Which code desines "itaration" in eval funcion in ppo.py when learning

uzh-rpg / agile_flight

Developing and Comparing Vision-based Algorithms for Vision-based Agile Flight

MIT License

142 stars 54 forks source link

Closed HarukiKozukapenguin closed 2 years ago

HarukiKozukapenguin commented 2 years ago

Thank you for interesting challenge!

I know recording of Policy, RMS, and Test Traj is conducted in eval function .

I would like you to ask following questions.

Which code defines how often eval function is called?
When agent learned with PPO in the condition of total_timesteps=int(5 * 1e7), the iteration always finish at iter_02000, please tell me why this iteration number(2000) does not change
Does "iteration" mean how many episodes the agent learned? Or how many learning iteration agent learned?

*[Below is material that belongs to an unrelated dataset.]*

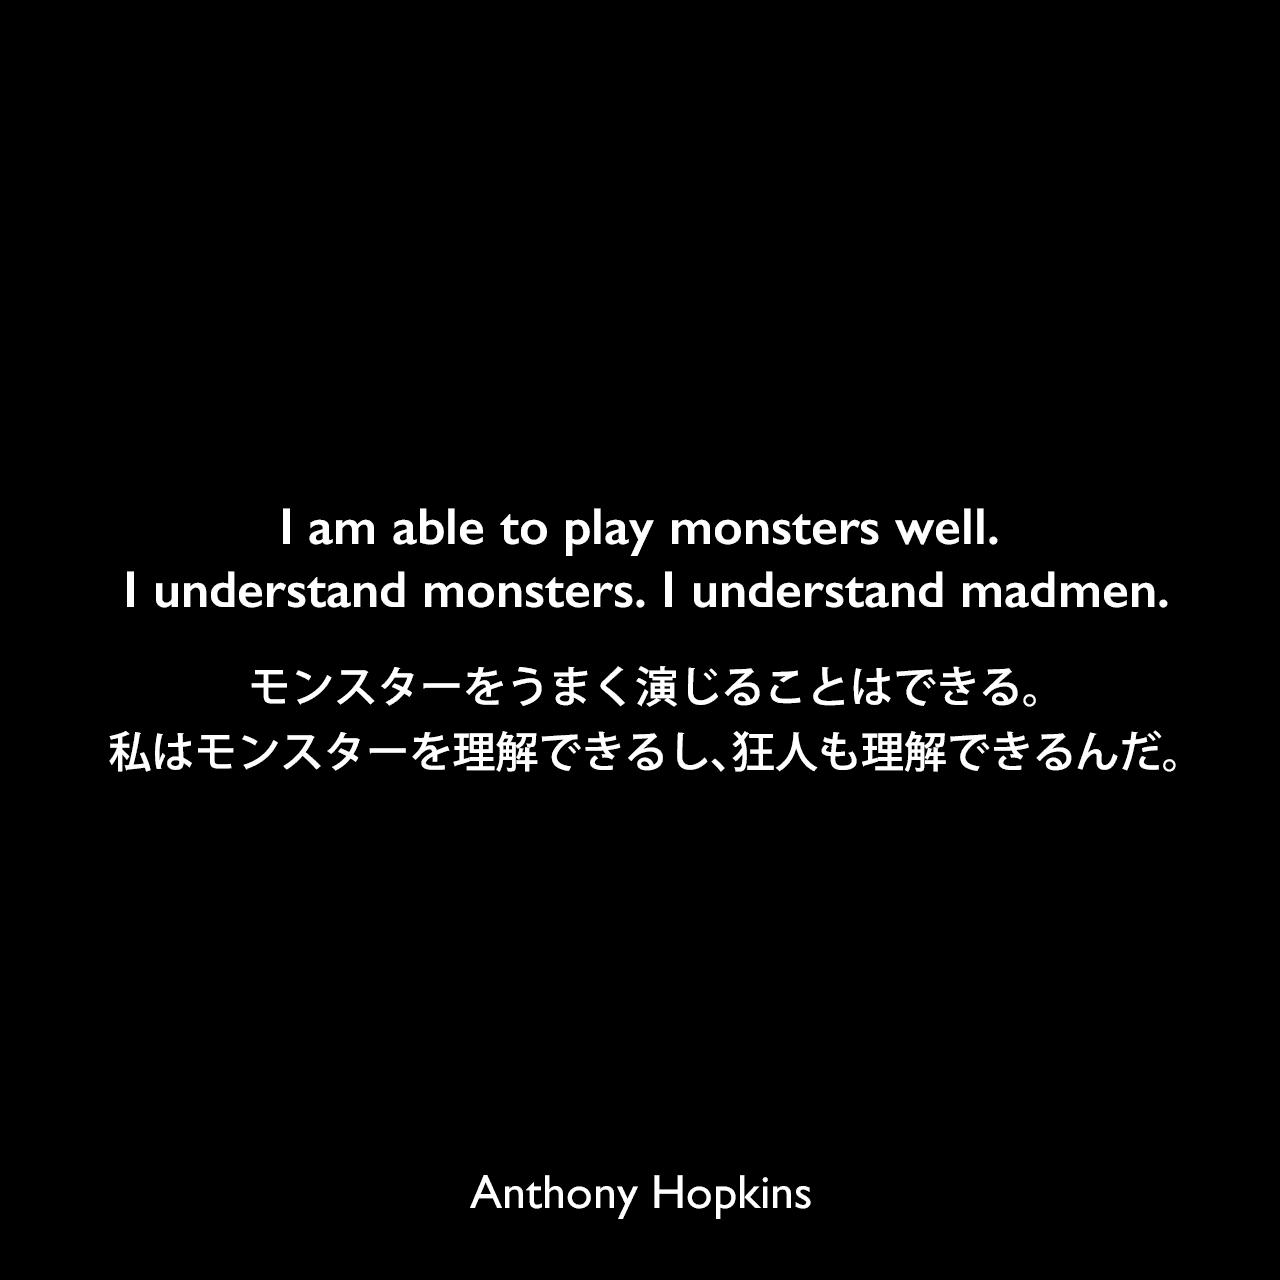 I am able to play monsters well. I understand monsters. I understand madmen.モンスターをうまく演じることはできる。私はモンスターを理解できるし、狂人も理解できるんだ。Anthony Hopkins

yun-long commented 2 years ago

The eval function is called here
The total number of iterations can be computed by dividing the total time steps by the total number of sampled time steps collected at each iteration. check here
see 2.

HarukiKozukapenguin commented 2 years ago

@yun-long Thank you answering questions.

I think the log interval is defined here So, I think the log interval is every 10 steps in this code, but I found the log interval of each episode is 50 when I run the code, So, could you tell me why this happens? I also ask which code defines the "total number of sampled time steps" Especially, I want to know how to calculate the final iteration number.